MONA explainer 11 min read March 26, 2026

What Is Model Inference and How LLMs Generate Text Through Autoregressive Decoding

Abstract visualization of tokens flowing sequentially through a neural network during autoregressive decoding

Table of Contents

ELI5

Model inference is a trained neural network producing output from new input. For LLMs, that means generating text one token at a time — each new token conditioned on every token before it.

You type a question.
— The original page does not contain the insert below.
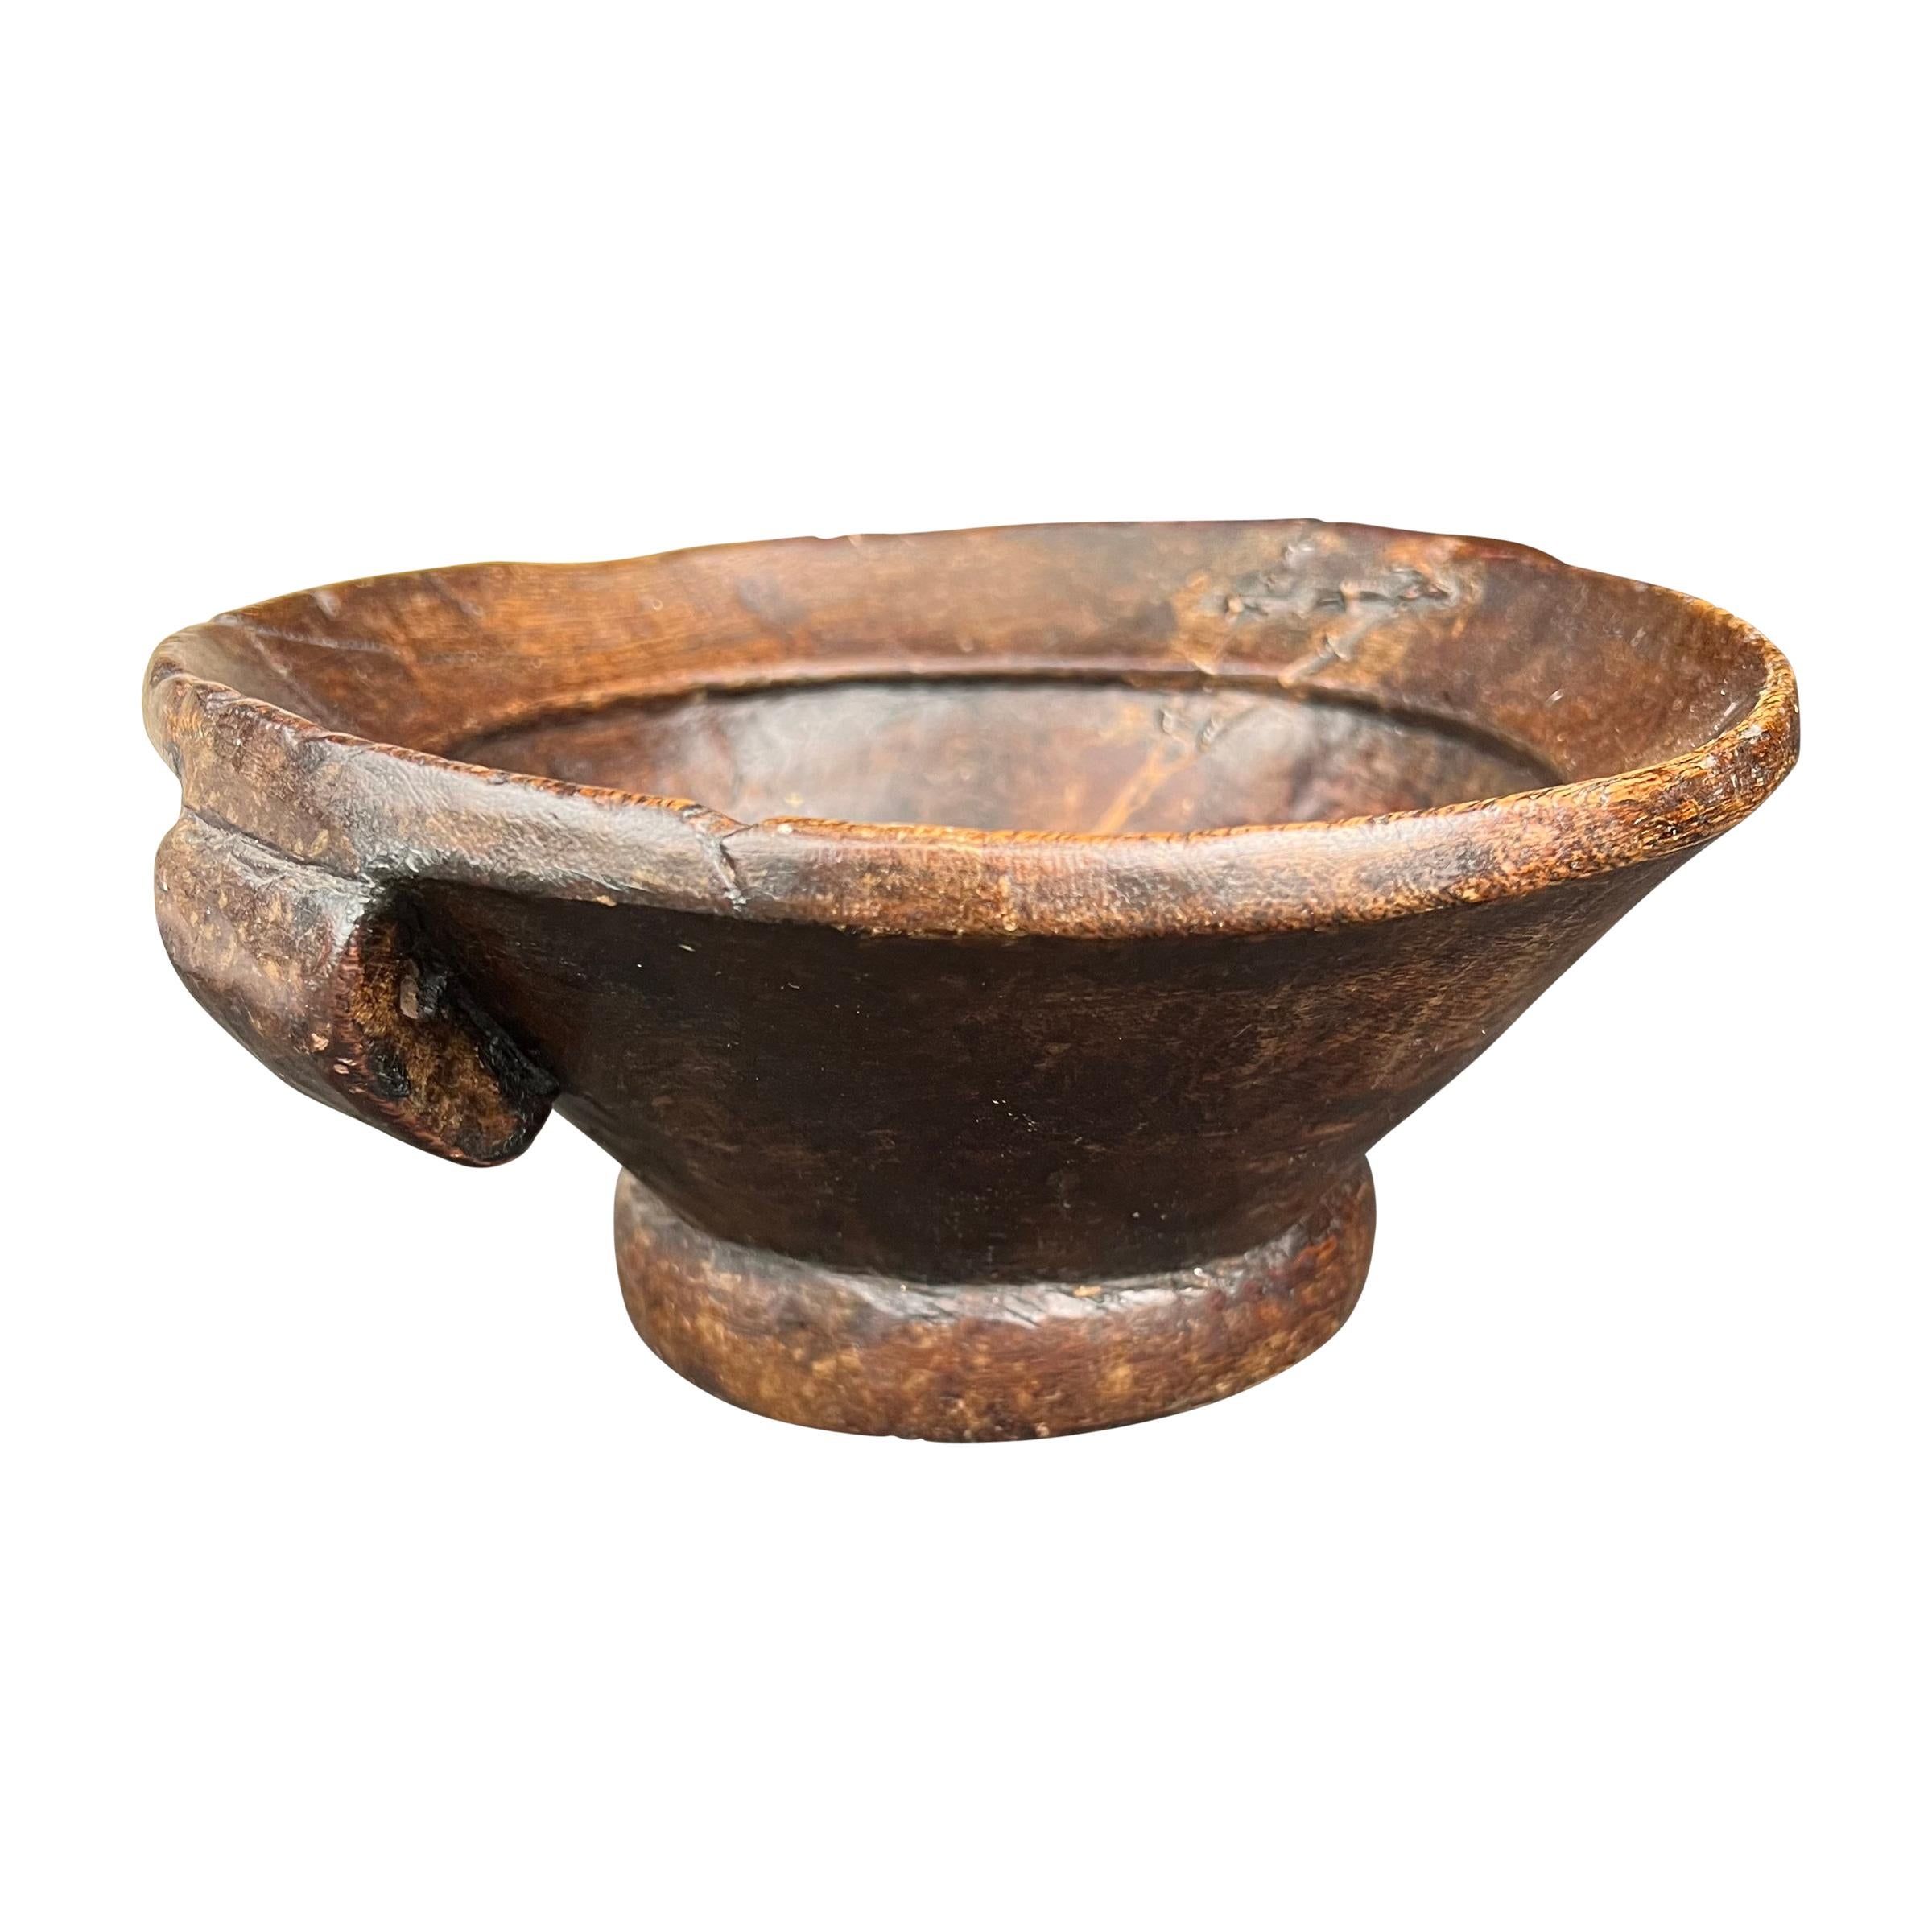 Primitive 19th Century Wooden Bowl

Two seconds later, text streams back — smooth, coherent, suspiciously fluent. The experience suggests the model composed a complete thought and is now reading it aloud.

It didn’t. It produced one token, looked at everything generated so far, produced the next, and repeated the loop several hundred times. The fluency is a surface effect. Underneath is a strictly sequential process where each step waits for the previous one to finish — and that sequential dependency shapes every optimization decision in modern LLM serving.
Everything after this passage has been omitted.